■ **EXERCISE MATERIAL**
= = =

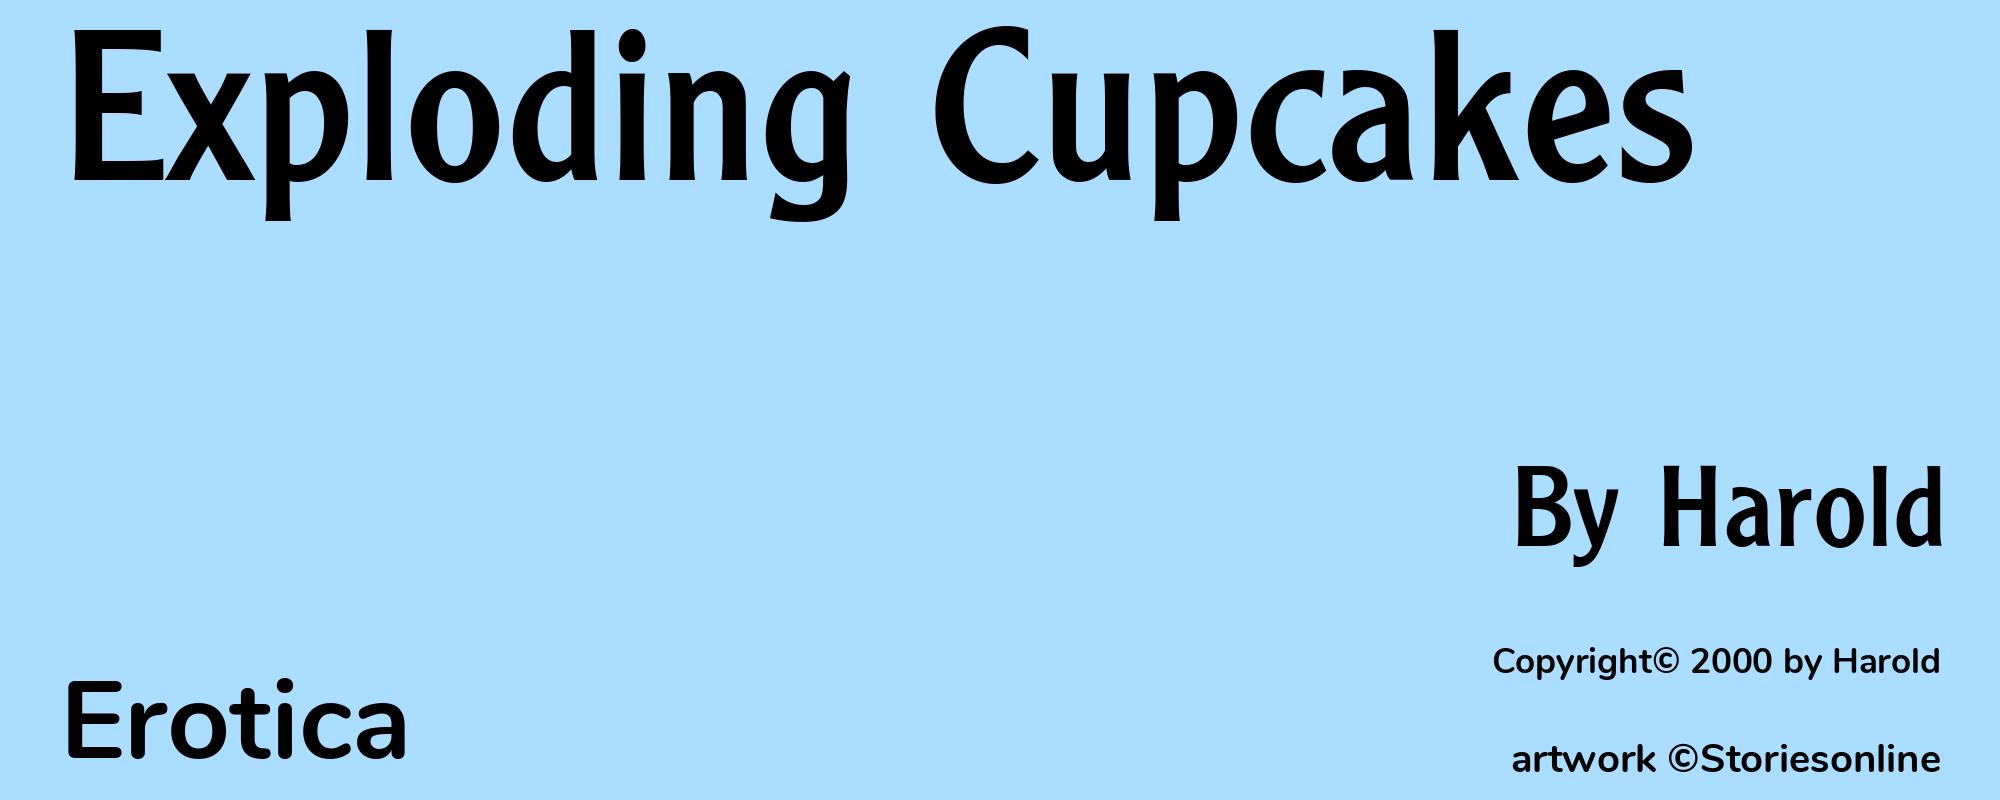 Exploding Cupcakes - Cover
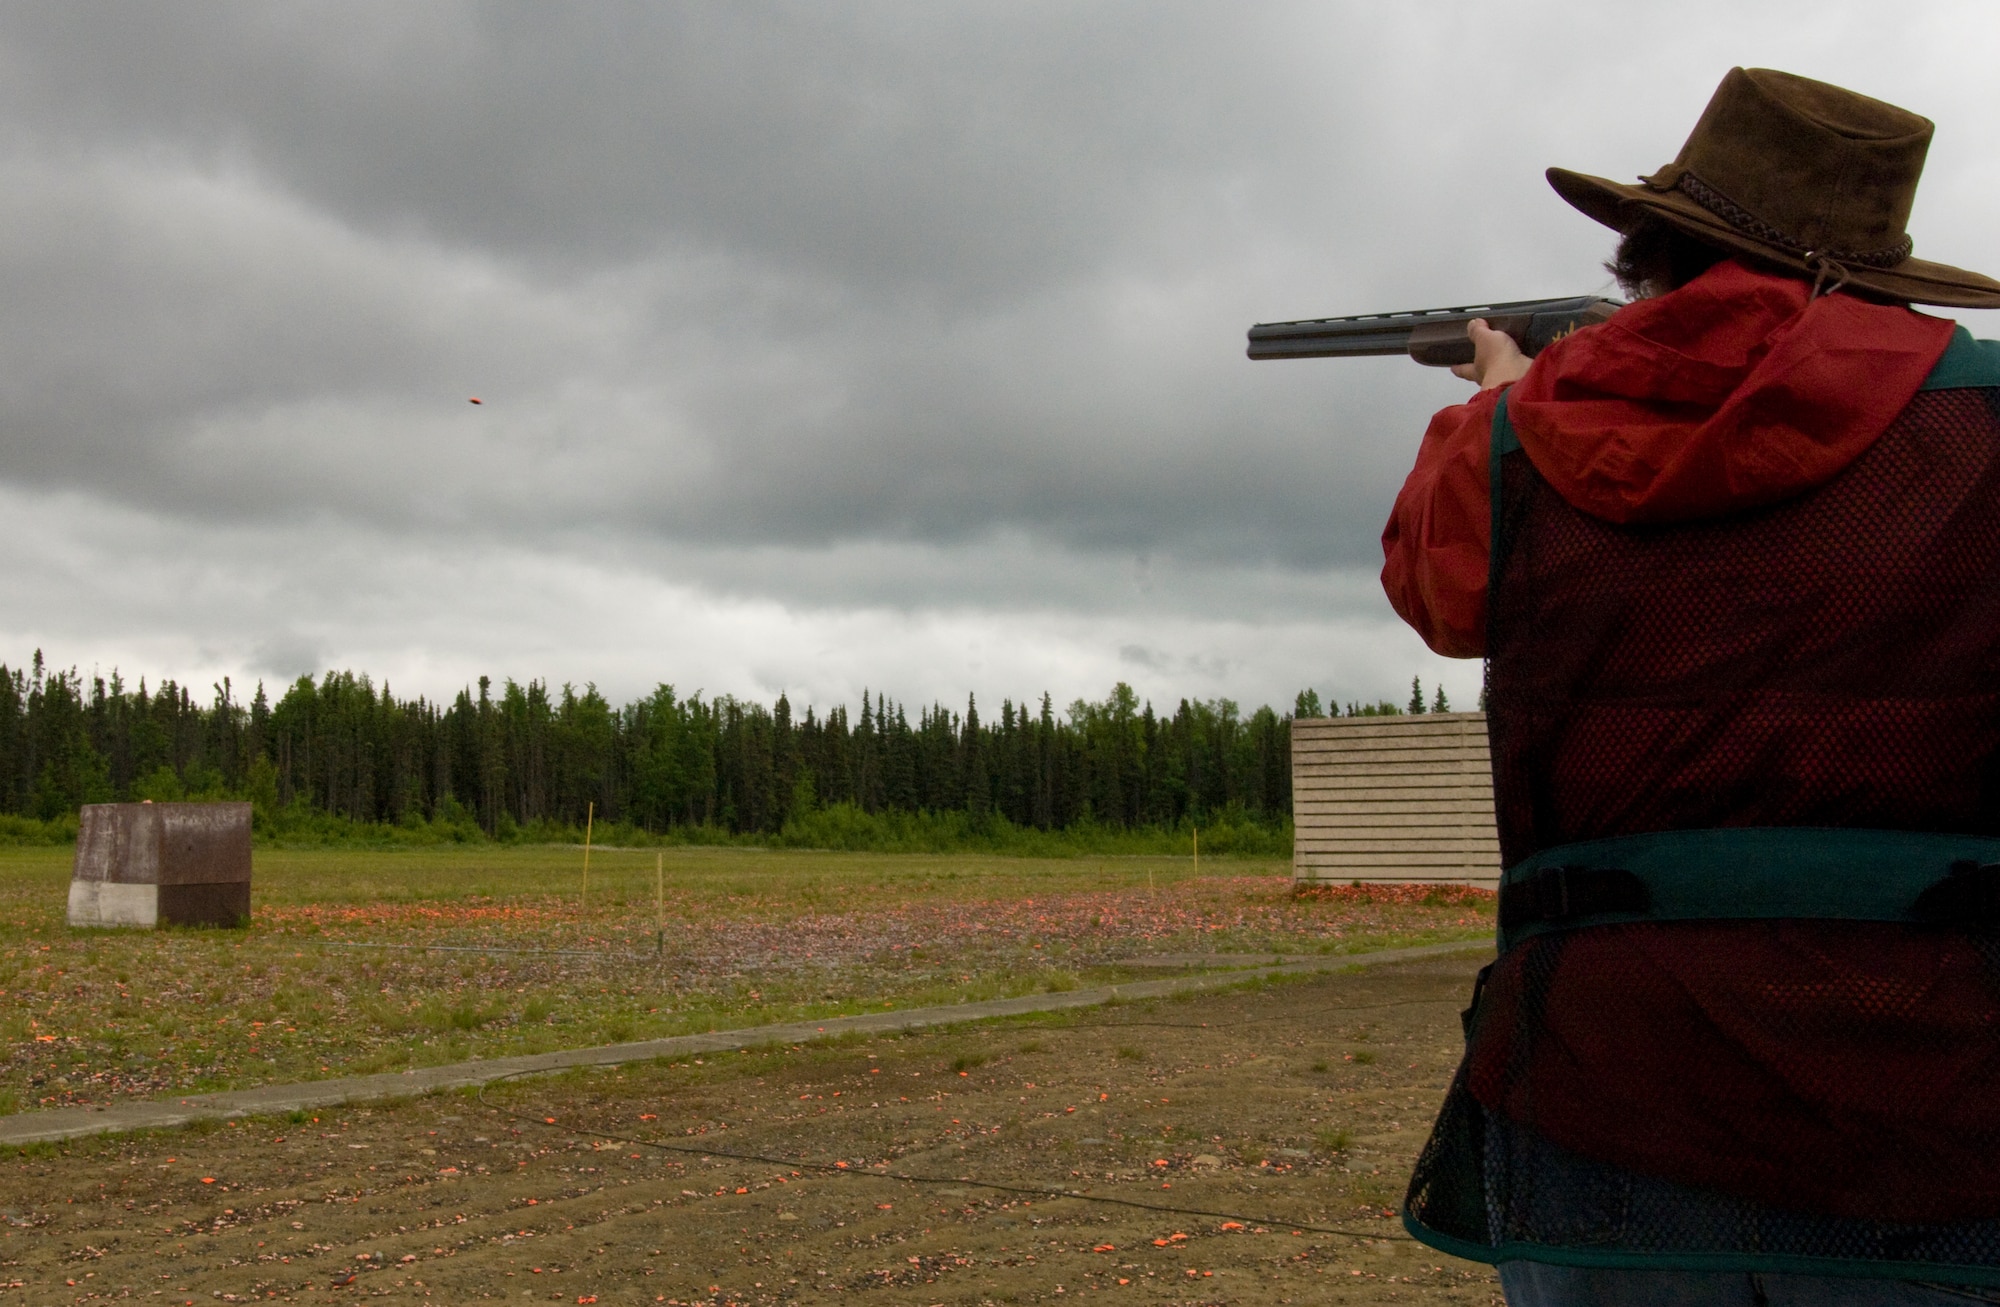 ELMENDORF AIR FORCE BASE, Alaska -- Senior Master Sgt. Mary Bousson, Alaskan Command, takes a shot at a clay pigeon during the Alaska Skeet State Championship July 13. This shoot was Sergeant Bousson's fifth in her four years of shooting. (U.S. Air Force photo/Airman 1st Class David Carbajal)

= = =

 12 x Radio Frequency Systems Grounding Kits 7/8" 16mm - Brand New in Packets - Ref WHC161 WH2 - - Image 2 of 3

= = =

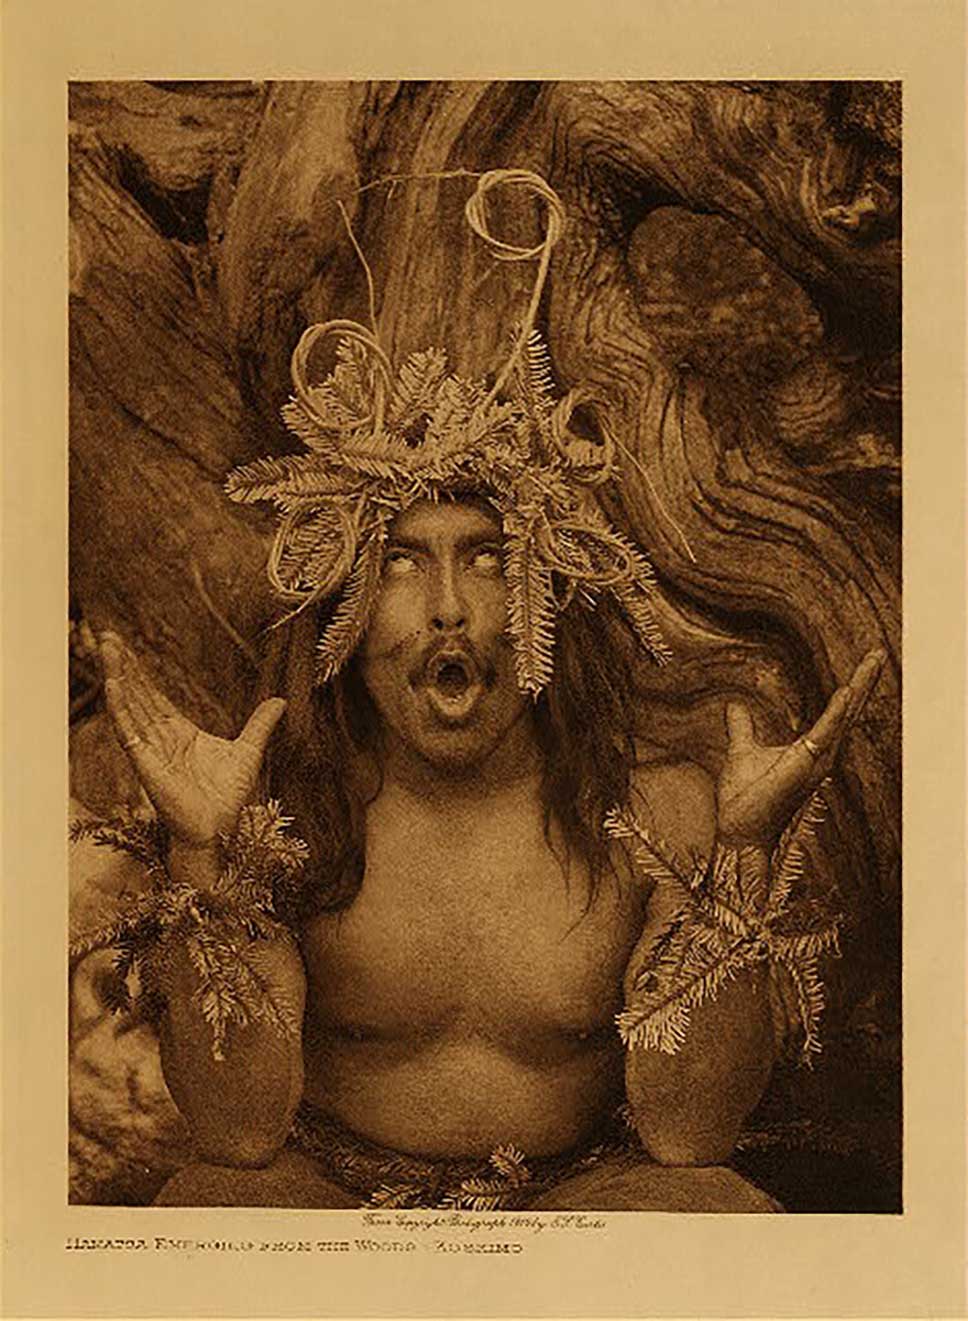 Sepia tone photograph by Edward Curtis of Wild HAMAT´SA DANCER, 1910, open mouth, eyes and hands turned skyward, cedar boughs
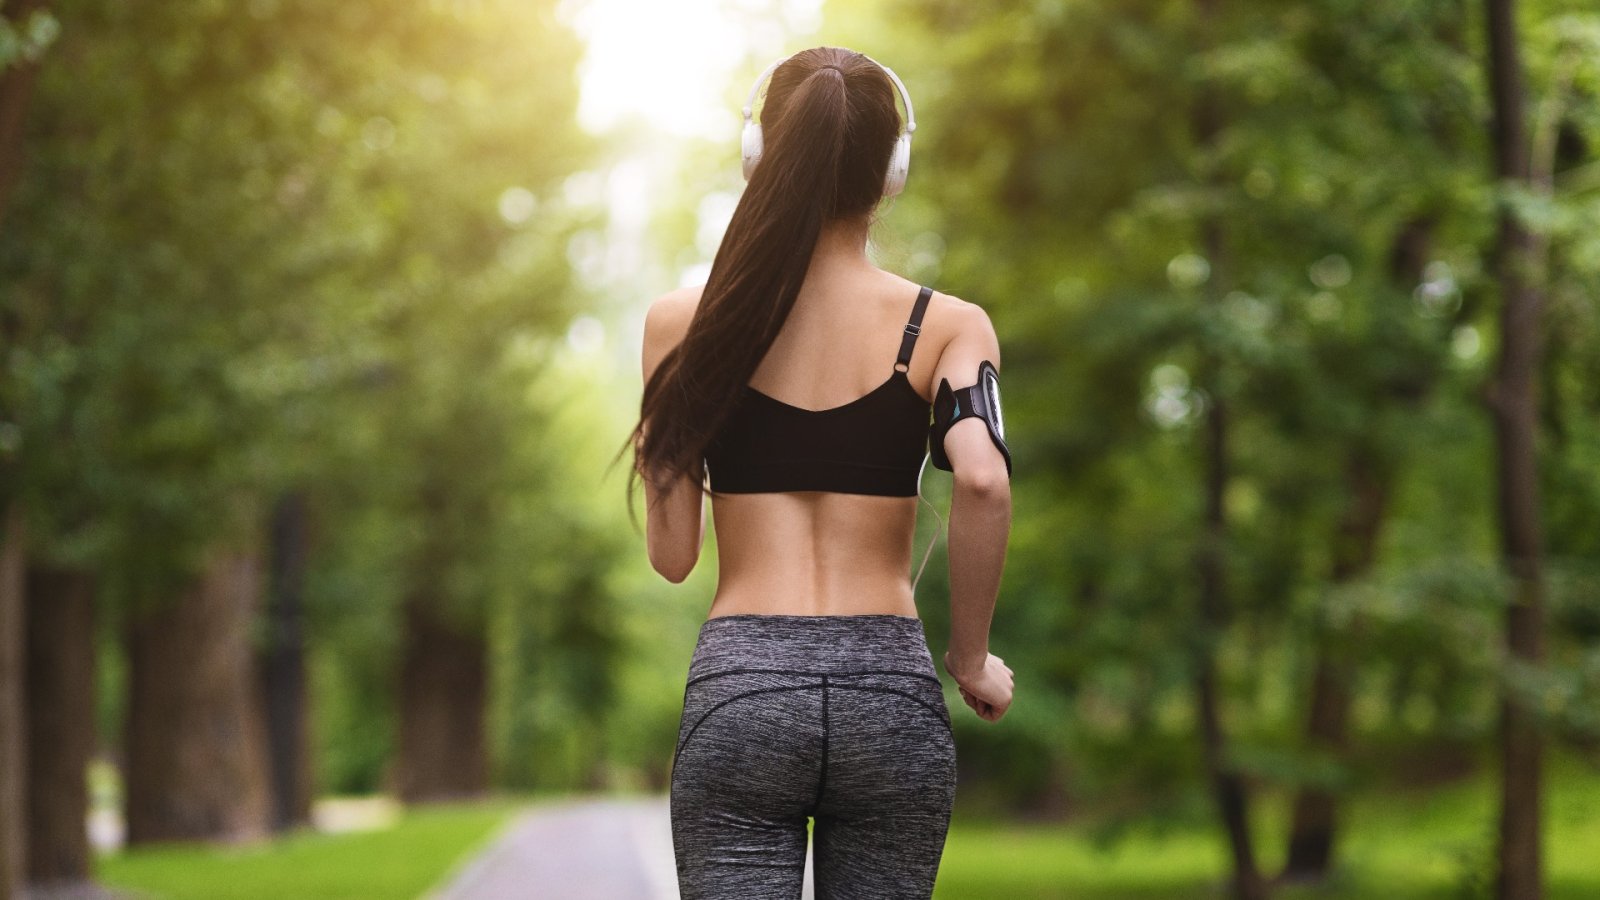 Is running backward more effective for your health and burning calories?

= = =

■ **TASK INSTRUCTIONS**
Look above for the line with "Exploding Cupcakes - Cover" and the line with "ELMENDORF AIR FORCE", then copy exactly the lines from the first through the second, both kept, with no pictures.

■ **ANSWER TO THIS EXERCISE**
 Exploding Cupcakes - Cover
 ELMENDORF AIR FORCE BASE, Alaska -- Senior Master Sgt. Mary Bousson, Alaskan Command, takes a shot at a clay pigeon during the Alaska Skeet State Championship July 13. This shoot was Sergeant Bousson's fifth in her four years of shooting. (U.S. Air Force photo/Airman 1st Class David Carbajal)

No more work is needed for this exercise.